■ What to do ■
Starting at the line below with "Traditional ceramic dishware" and stopping at the line with "Suicide Squad figuren banner", please print each line exactly, those two included, and skip every picture.

■ Provided data ■
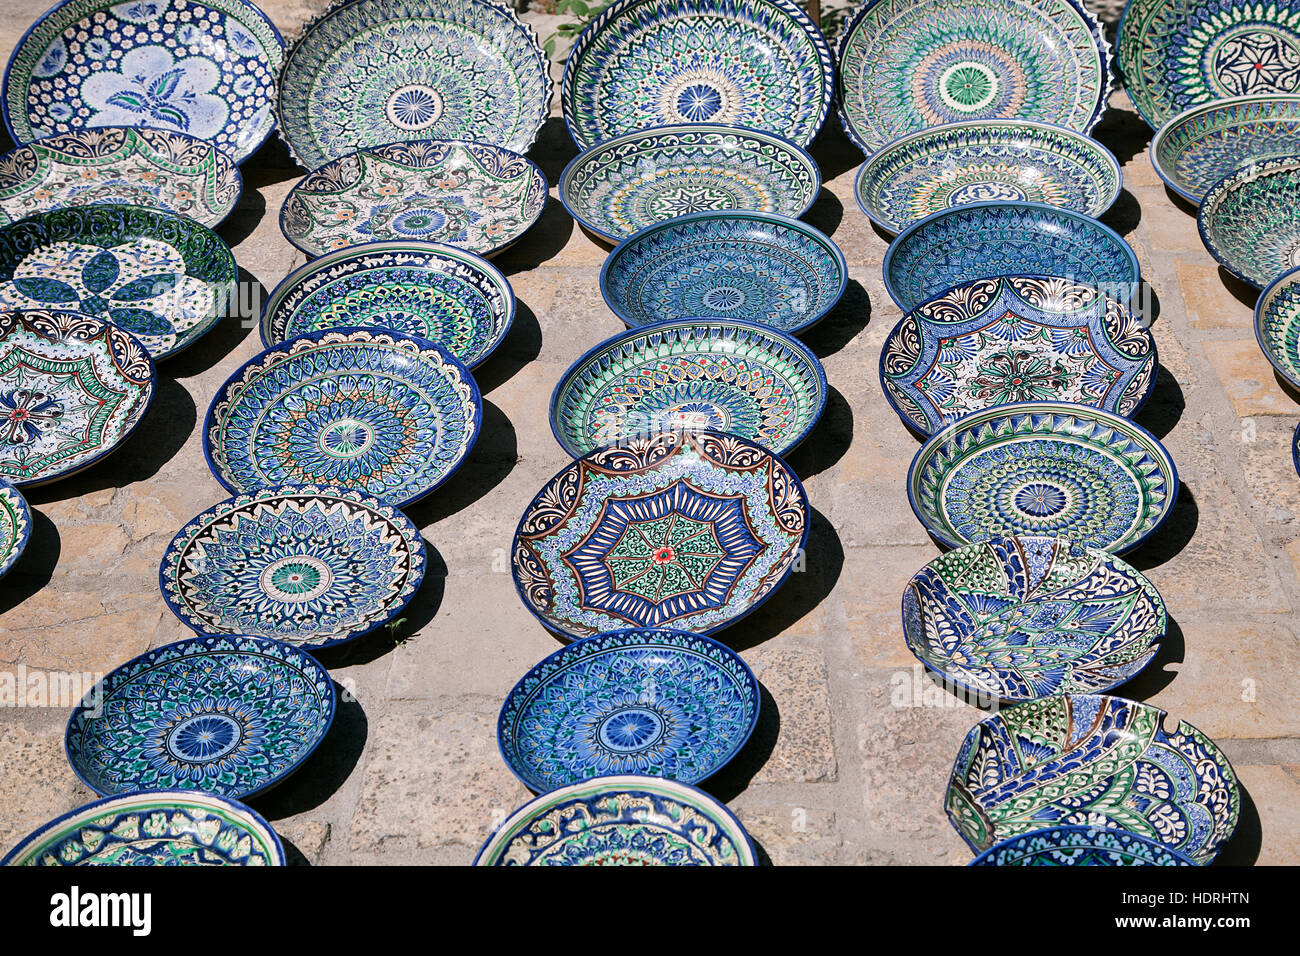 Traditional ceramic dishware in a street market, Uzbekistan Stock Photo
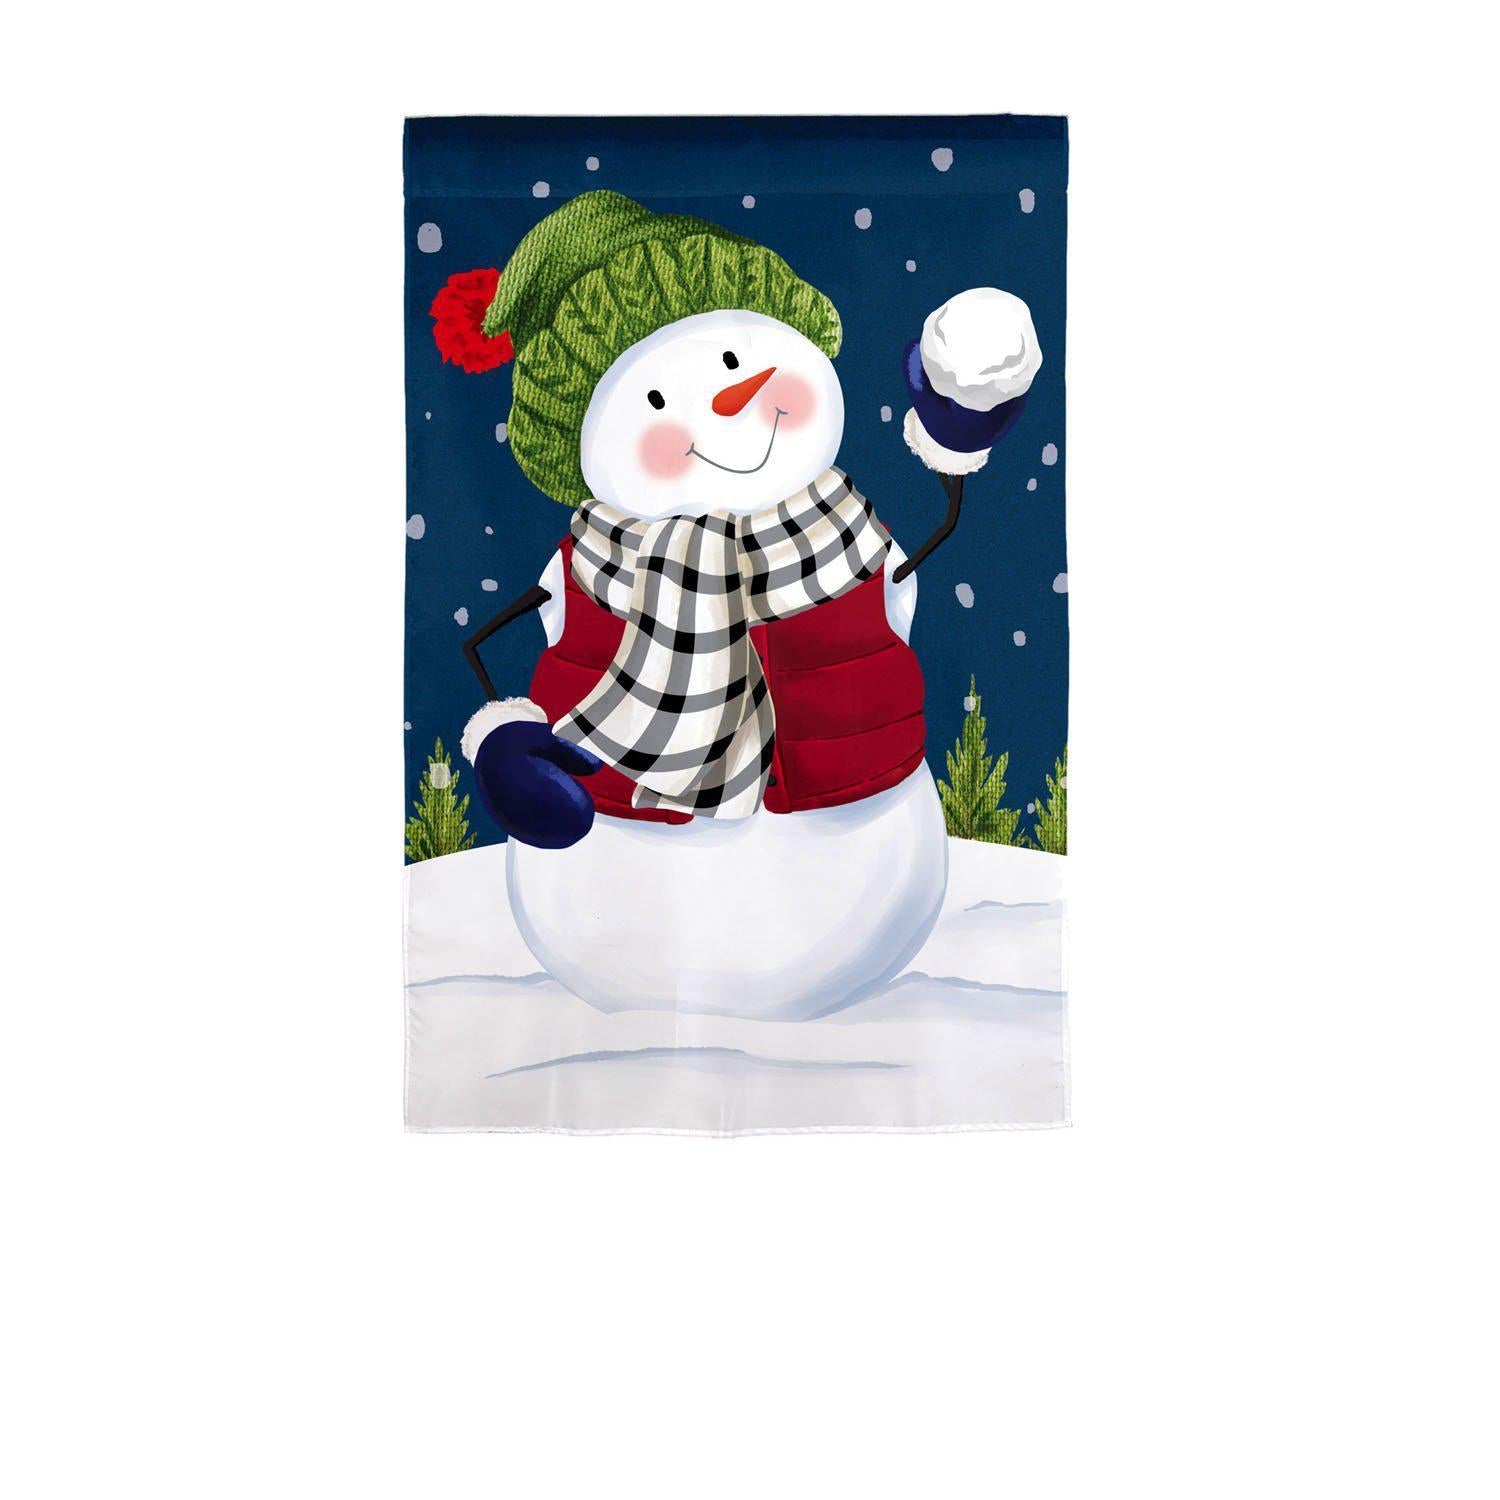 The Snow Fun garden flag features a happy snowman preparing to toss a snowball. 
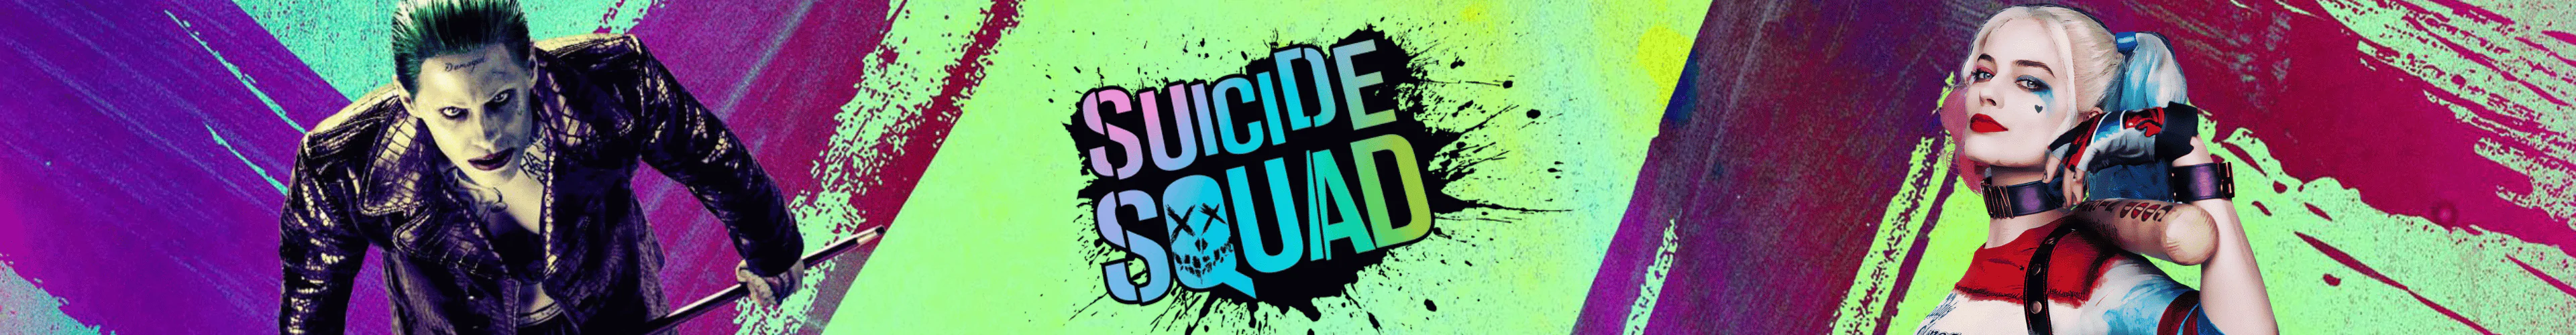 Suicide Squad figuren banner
...
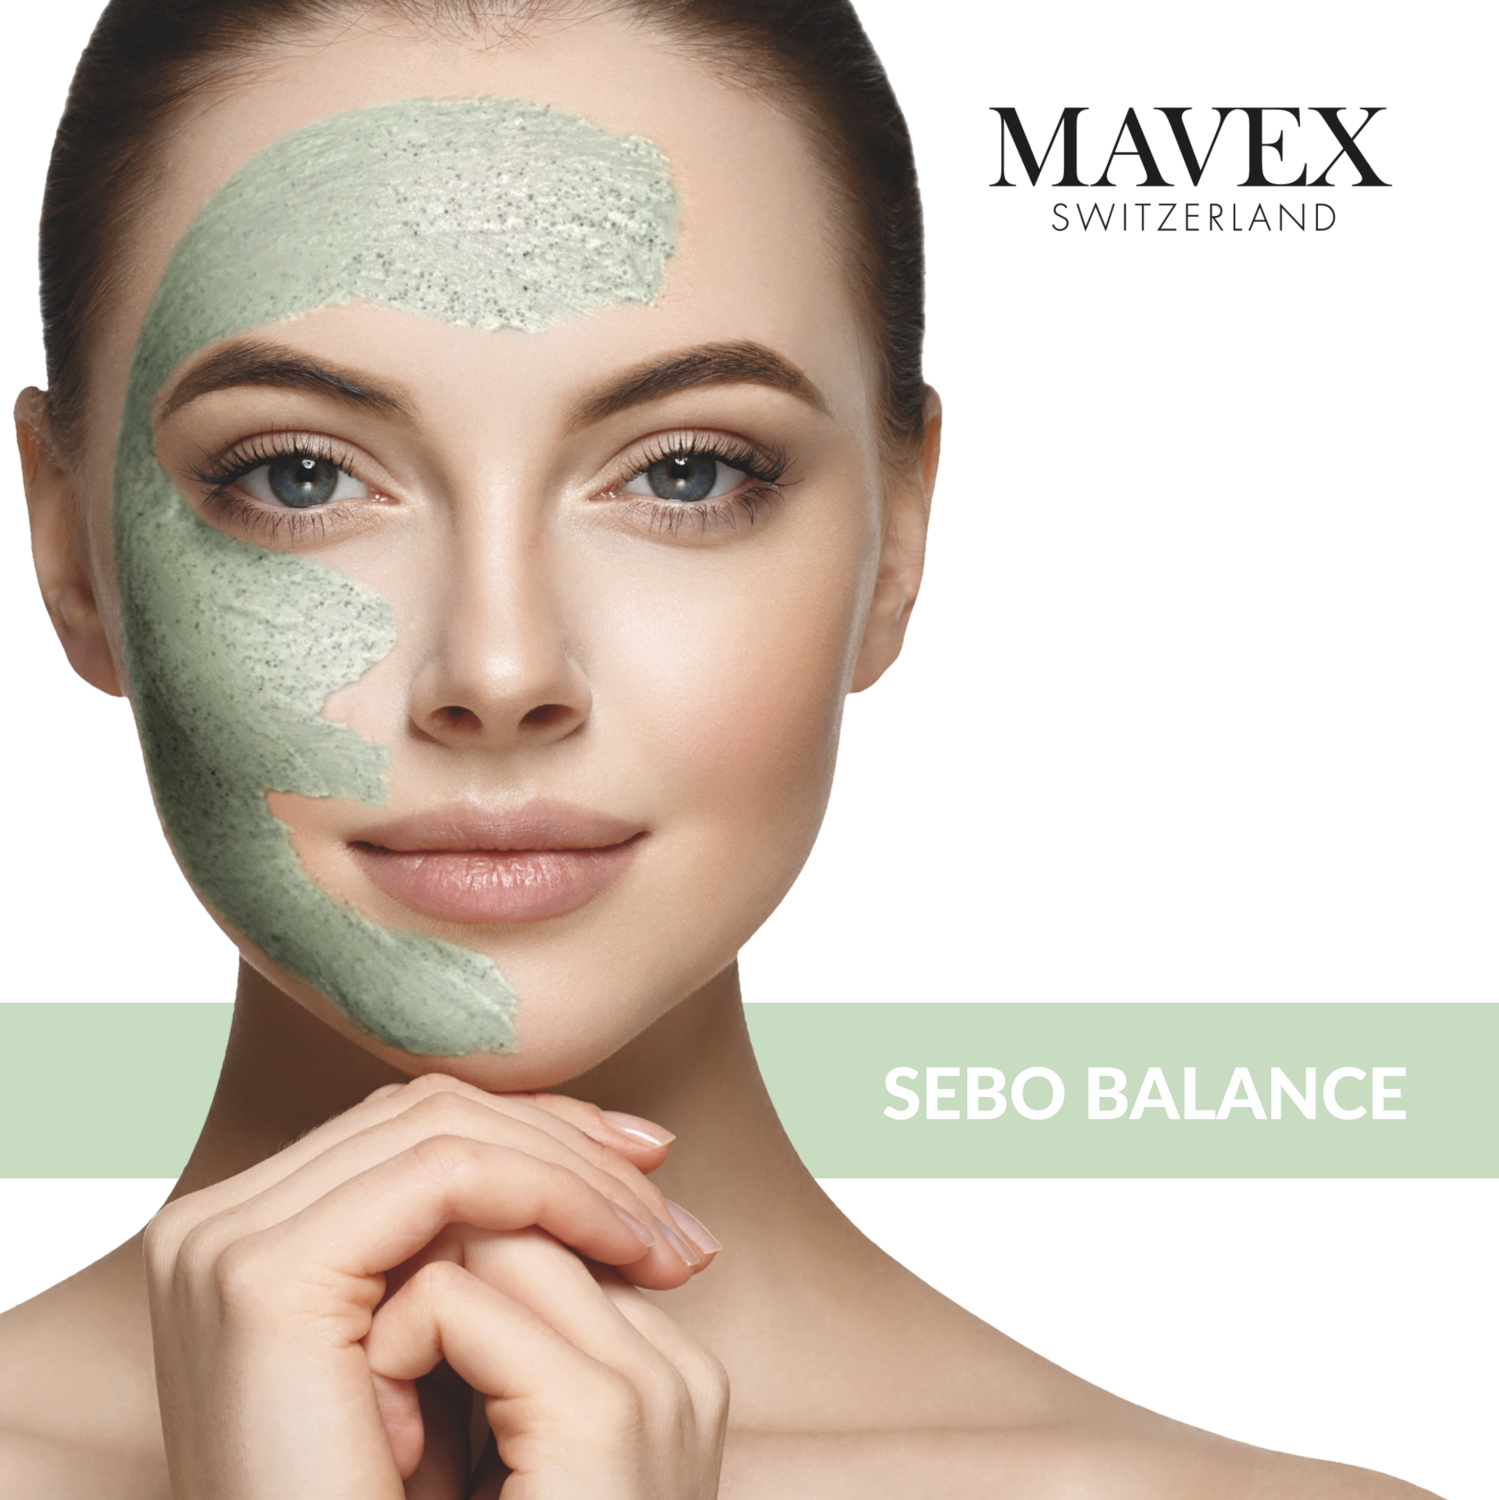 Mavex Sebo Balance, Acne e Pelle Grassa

■ Solution to this exercise ■
 Traditional ceramic dishware in a street market, Uzbekistan Stock Photo
 The Snow Fun garden flag features a happy snowman preparing to toss a snowball. 
 Suicide Squad figuren banner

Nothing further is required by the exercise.